In recent days, we’ve written about the “Biden Sweep” scenario, and how Wall Street has come to embrace it as a bullish expectation.
The thing that Wall Street fears is a government spending cut-off that leaves the U.S. economy in a deflationary hole. If policy gridlock cuts off the anticipated flow of upcoming spending, permanent job loss and recessionary scars could take down the U.S. economy and the stock market, too.
If Democrats take the levers of power in the White House and Senate, on the other hand, trillions of dollars will flow in 2021. The polls now strongly favor a Biden sweep. In consistency, breadth, and durability, the available poll numbers say Biden has the most favorable outlook of any presidential candidate in modern history, dating back to when scientific polling efforts began in 1936.
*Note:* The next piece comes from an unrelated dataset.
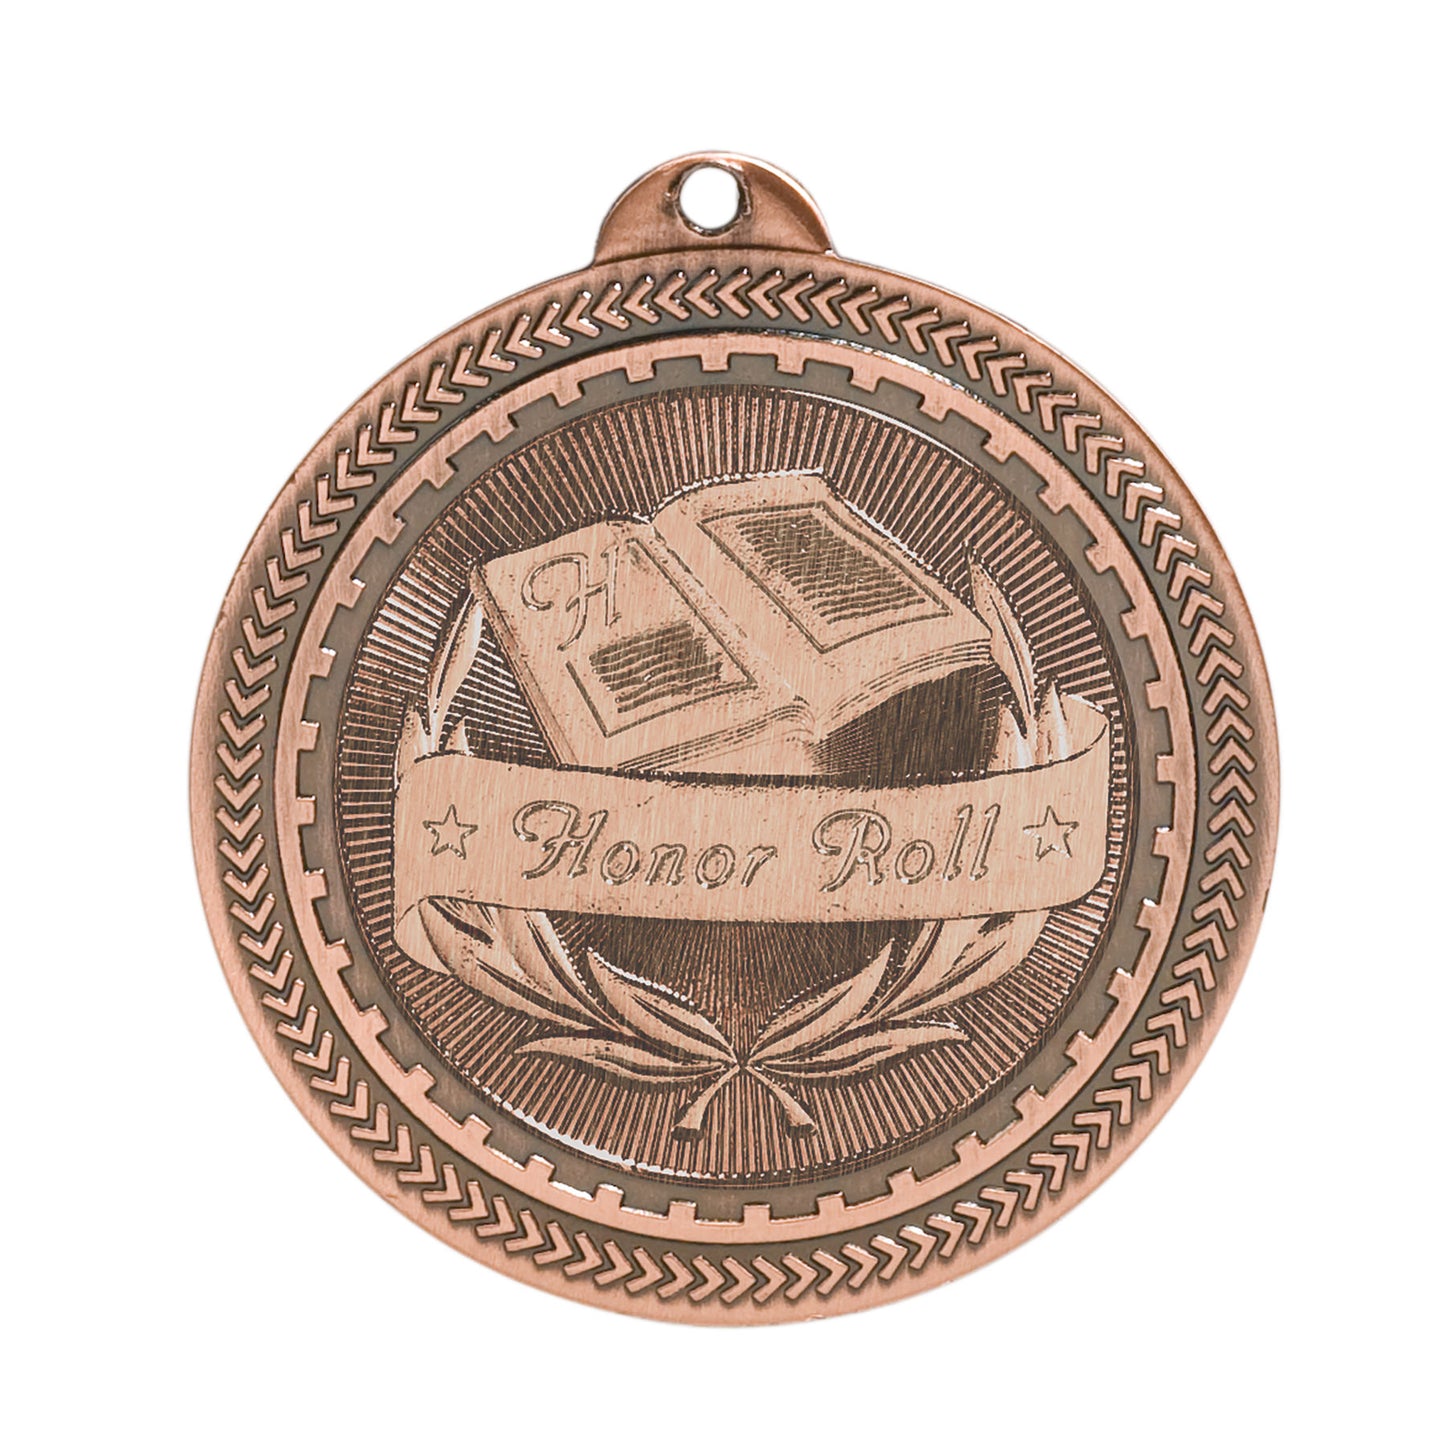 2" Honor Roll Laserable BriteLazer Medal

The race was close at one point, but that dynamic changed after the first presidential debate. Not only does Biden lead by historic margins, as far as presidential races go, he is forecast as ahead in key swing states like Florida and Pennsylvania, and competitive in historic Republican strongholds like Arizona and Georgia.
The shape of U.S. Senate races is comparable: Democrats are on offense, and Republicans are on defense, in a number of tight races where, just a few months ago, the GOP incumbent was expected to win handily. At the same time, the Biden campaign has a significant cash advantage, and is reported to be outspending the Trump campaign 50-to-1 in some media markets.
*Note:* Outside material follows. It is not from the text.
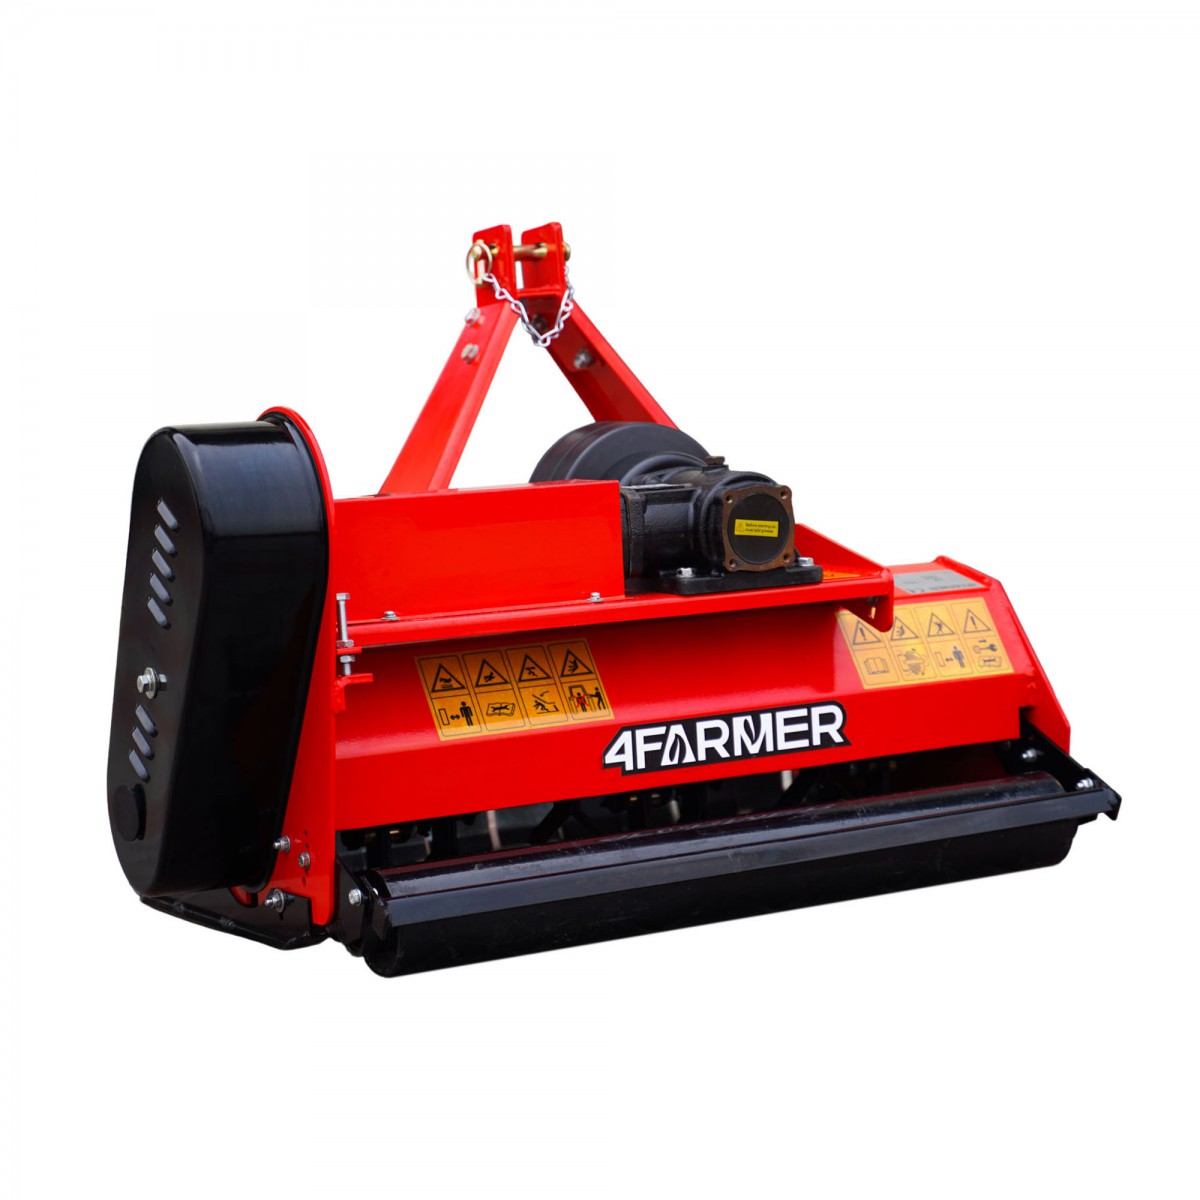 Flail mower EF 85 4FARMER - red

Wall Street is not a sentimental place, and investors are not thrilled with the possibility of capital gains tax increases, a greater regulatory burden, and higher labor costs under a Democratic administration.
But Wall Street is looking past those factors in anticipation of huge spending programs — including more trillions in direct-to-consumer relief via stimulus checks and unemployment benefits, a fair portion of which will flow into the stock market.
A “Biden Sweep” would also go far in reducing the risk of post-election chaos. If Biden wins a crucial swing state like Florida on election night, for example, the race could actually be decided fairly quickly, with the post-election lawyering kept to a minimum.
There will almost certainly be a flurry of shouting and protests in the immediate aftermath of Nov. 3, but a drawn-out legal contest, paired with armed stand-offs in the streets, is the nightmare scenario. The stock market would prefer to avoid that scenario, and a Biden Sweep would help do that.
Some of you have written in to question the Biden Sweep scenario, and to argue with conviction that President Trump will win the 2020 election, no matter what the polls say.
For those of you who wrote in to express the view that President Trump will win, a strong source of conviction was the fact that Trump, as the challenger, defied the polling odds in 2016. If the polls were wildly wrong in 2016, this argument goes, then the polls could be wildly wrong this time, too.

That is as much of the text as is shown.